— Интересно, а как мы отсюда выйдем? Может, подождем остановку?
— Следующая остановка может для нас стать последней! Я сейчас что-нибудь придумаю.
Виталий Николаевич отодрал с одного из диванов поручень и начал возиться с дверью вагона. Наконец дверь сместилась в сторону, в нос ударила струя свежего воздуха.
— Опа! А на улице-то вечер. Собираем вещи! Сейчас будем прыгать! — У следователя прорезался командный голос.
— Ты серьезно?
— Как никогда! Сбросим вещи — и сами следом. Потом найдем их.
Яна осторожно приблизилась к открытой двери.

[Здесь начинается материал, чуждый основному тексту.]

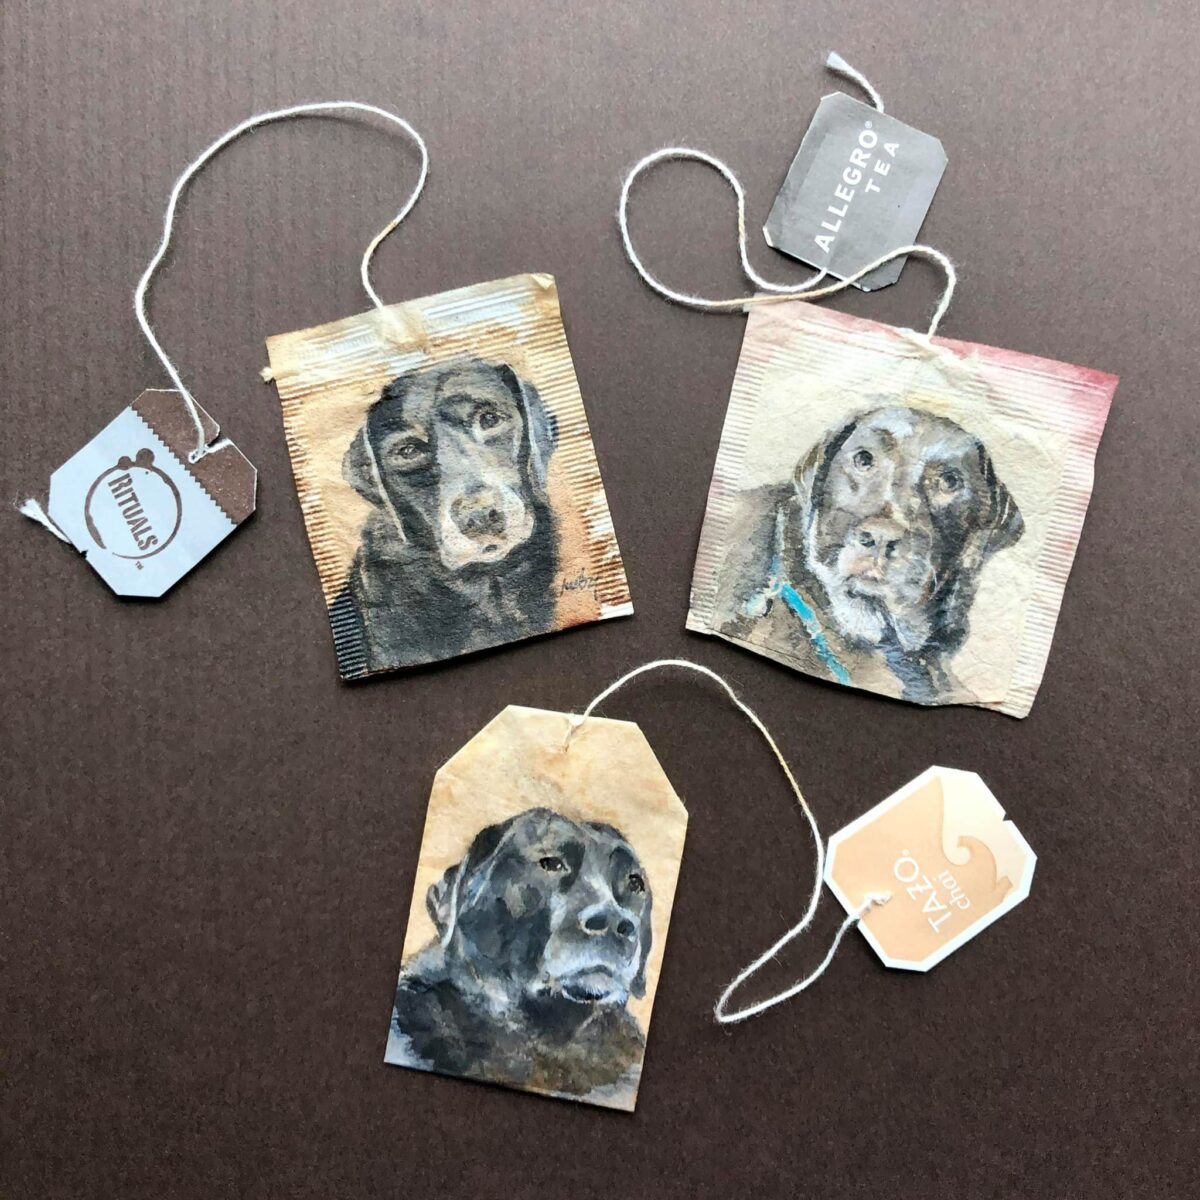 Gorgeous Miniature Watercolors Painted On Used Teabags By Ruby Silvious 1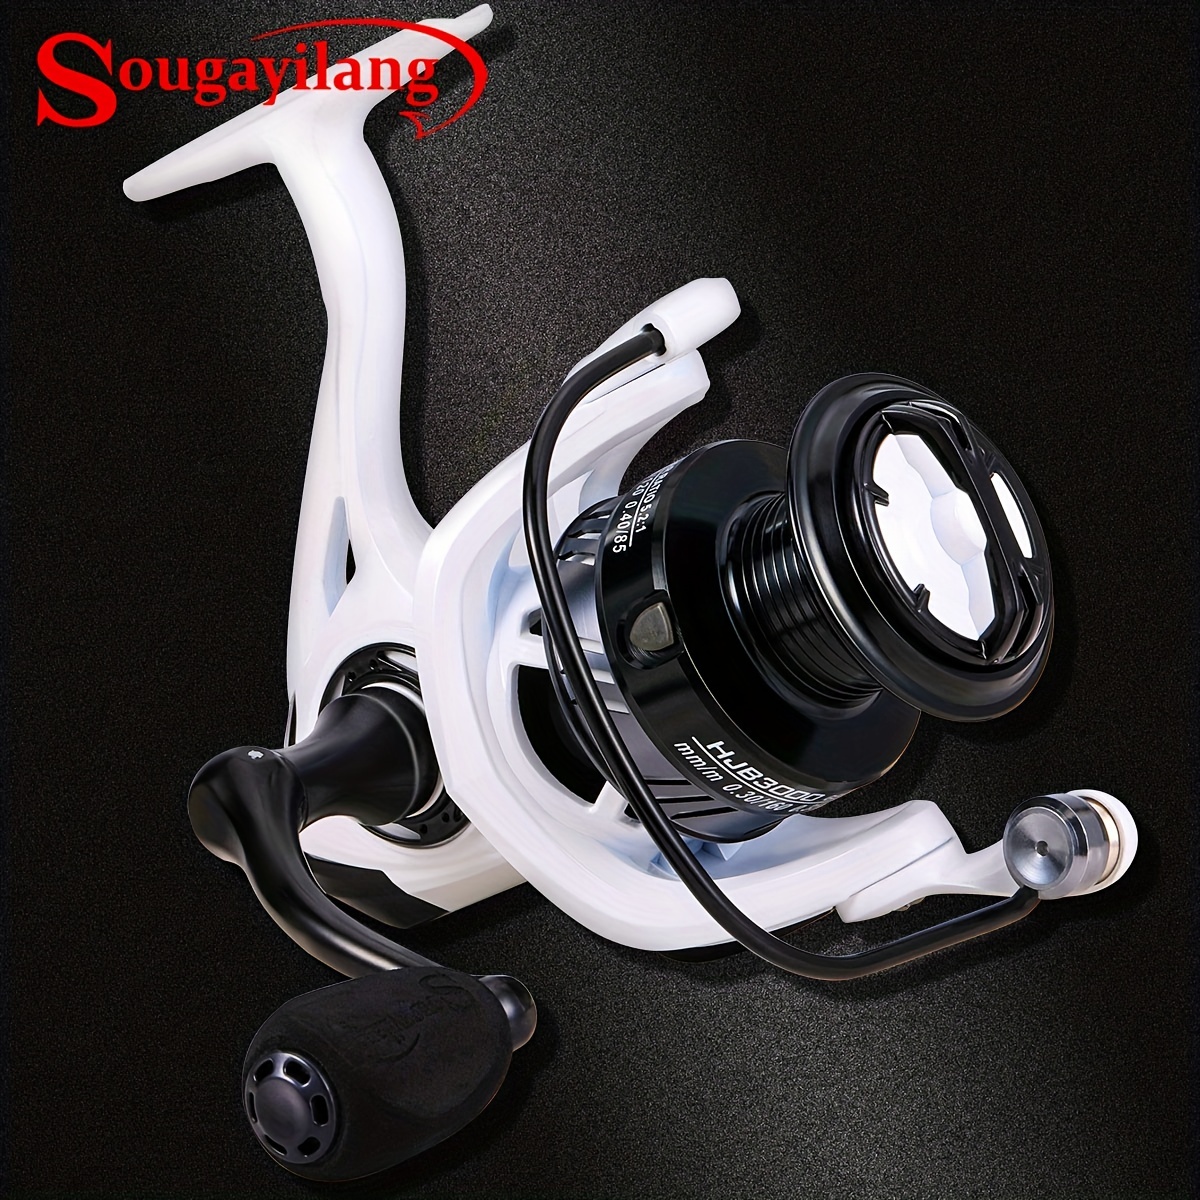 

Sougayilang 2000 3000 Series White 11+1bb Spinning Reel, 5.2:1 Gear Ratio Fishing Reel With Aluminum Spool For Freshwater Saltwater

— А поезд едет быстрее, чем казалось.
— Подождем, пока будет поворачивать, скорость при этом падает, тогда и прыгнем, — ответил Виталий Николаевич.
Наконец подходящий момент настал. Лебедев сбросил сумки и повернулся к Цветковой:
— Пора!
Однако сделать это оказалось не так-то просто.
— Сейчас! Подожди! Дай мне настроиться! — попросила она.
— Некогда настраиваться! — ответил ей следователь и придал ускорение.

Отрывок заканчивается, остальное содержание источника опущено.